* _Aim of the task_:
The listing that follows must be retyped exactly, without its pictures.

* _Collected material_:

____

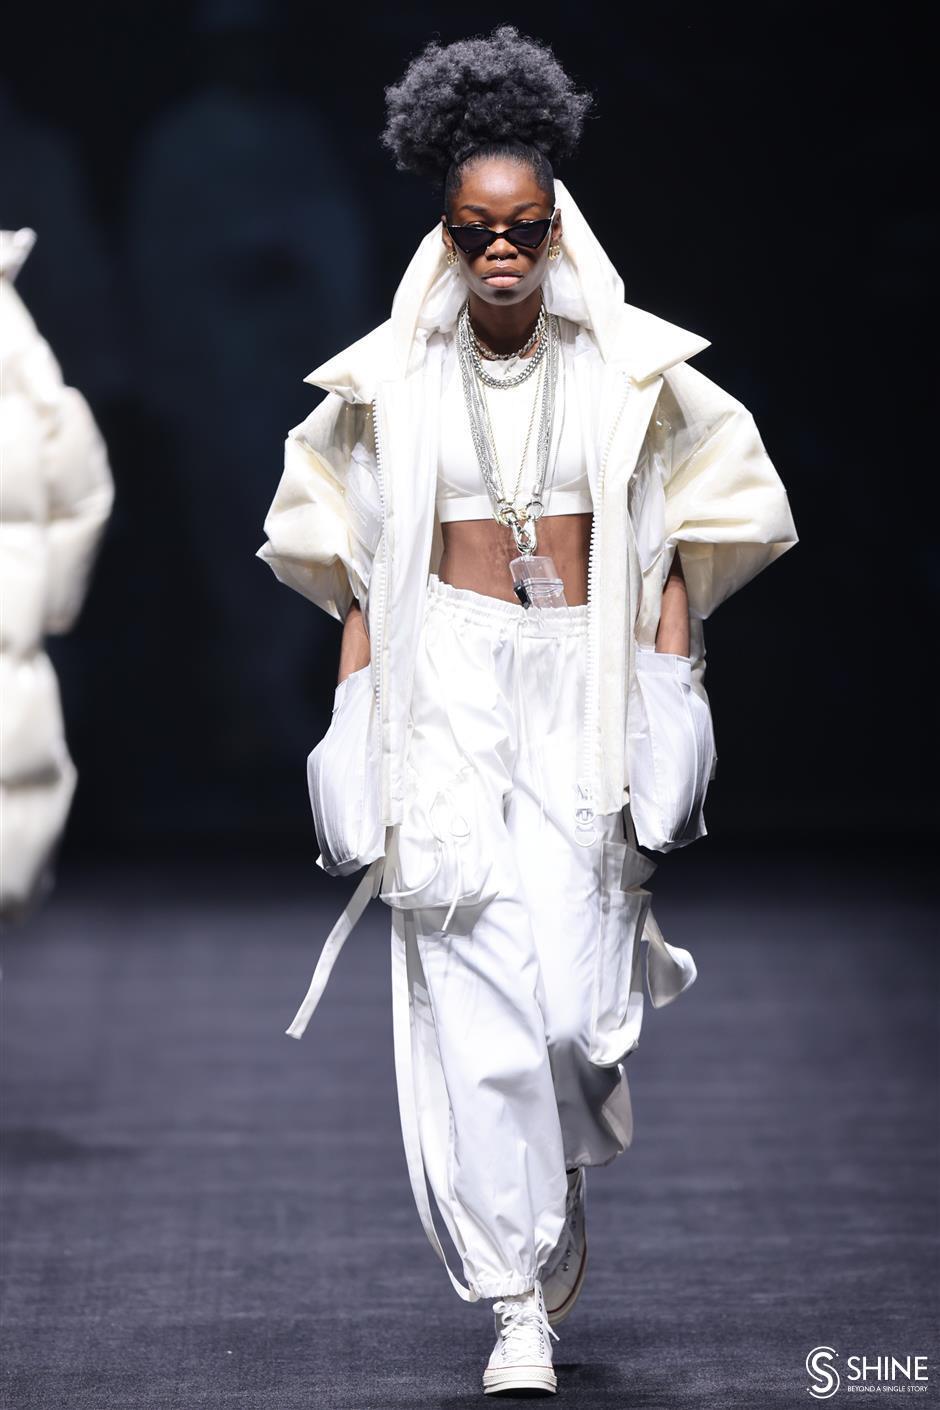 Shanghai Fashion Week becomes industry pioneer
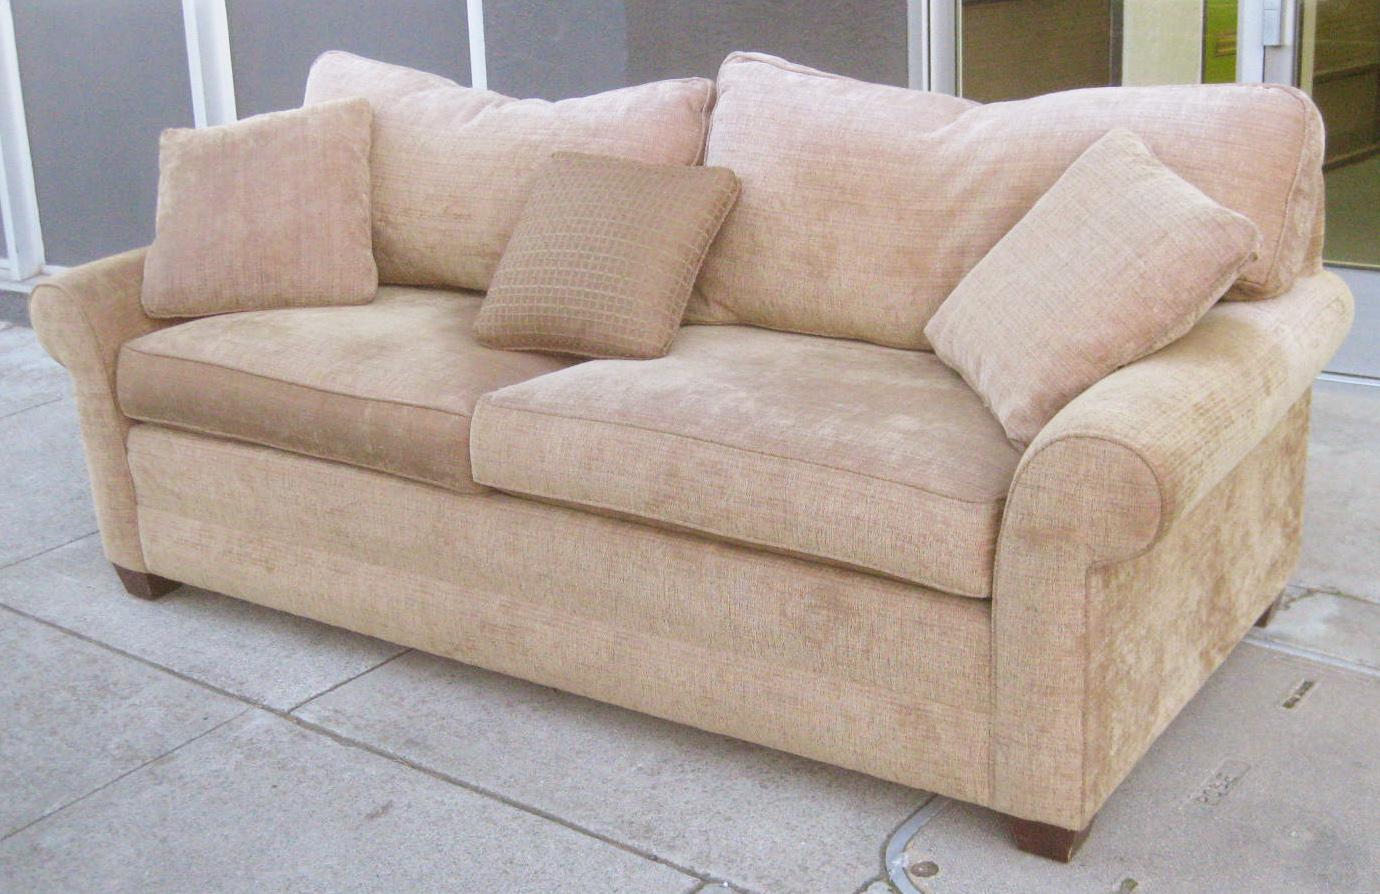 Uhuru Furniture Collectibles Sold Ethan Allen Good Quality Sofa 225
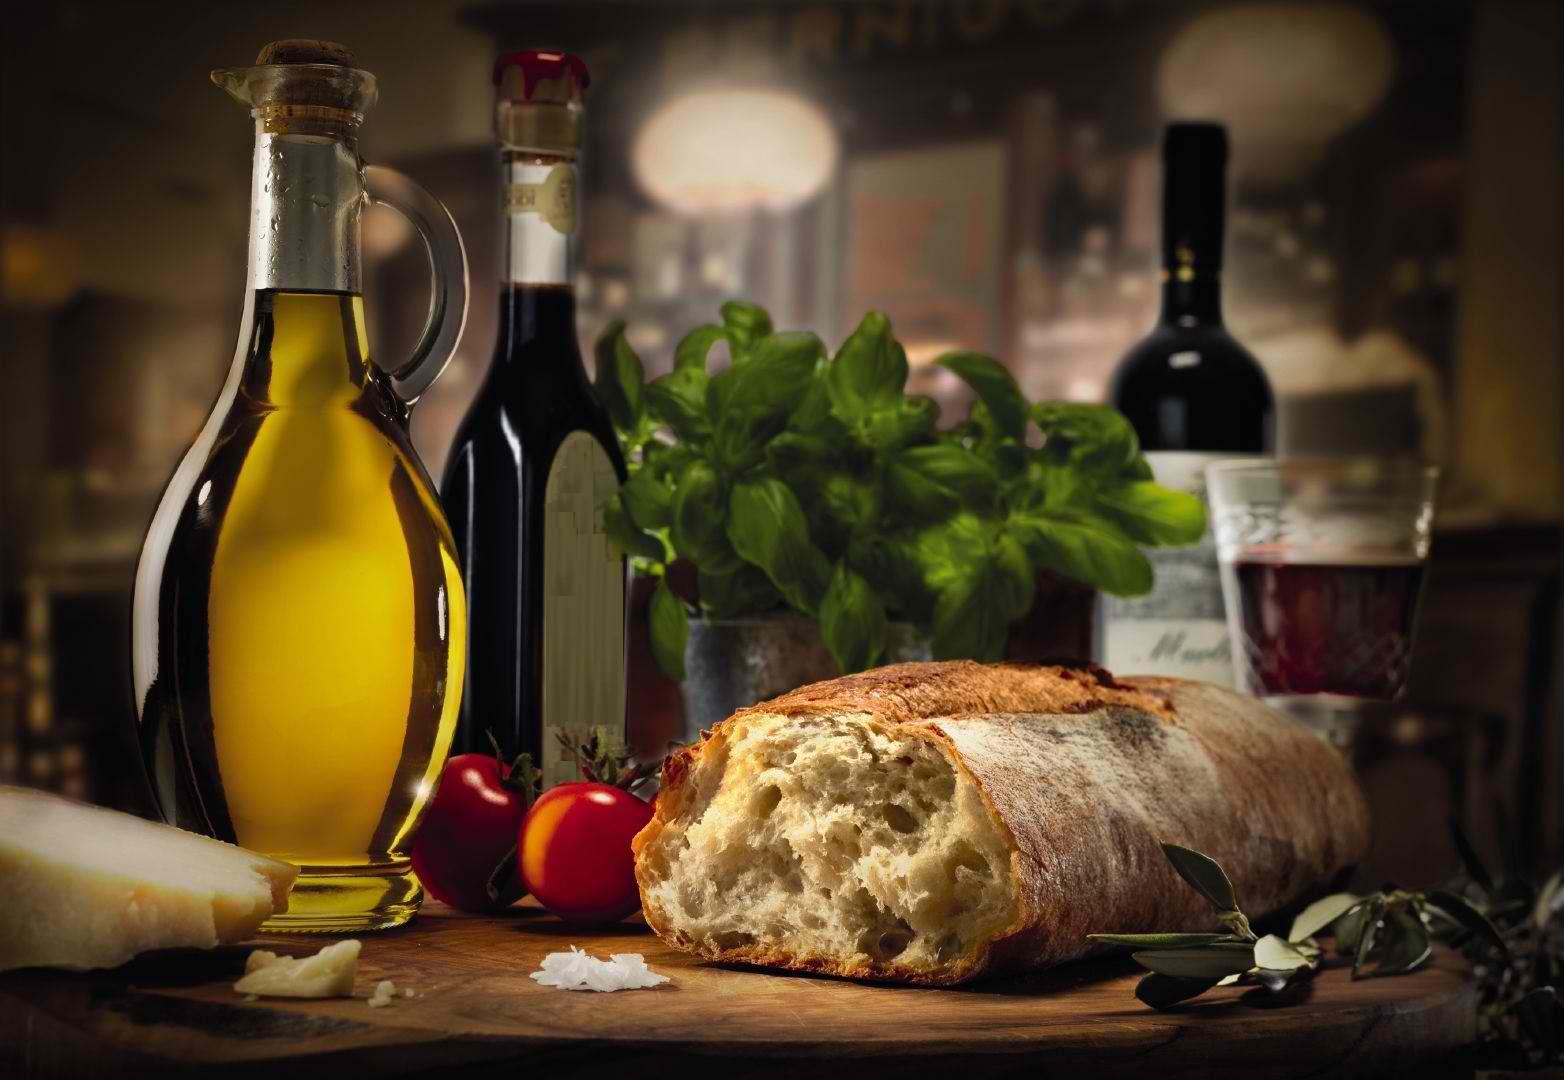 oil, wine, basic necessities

____

* _Solution to this problem_:
 Shanghai Fashion Week becomes industry pioneer
 Uhuru Furniture Collectibles Sold Ethan Allen Good Quality Sofa 225
 oil, wine, basic necessities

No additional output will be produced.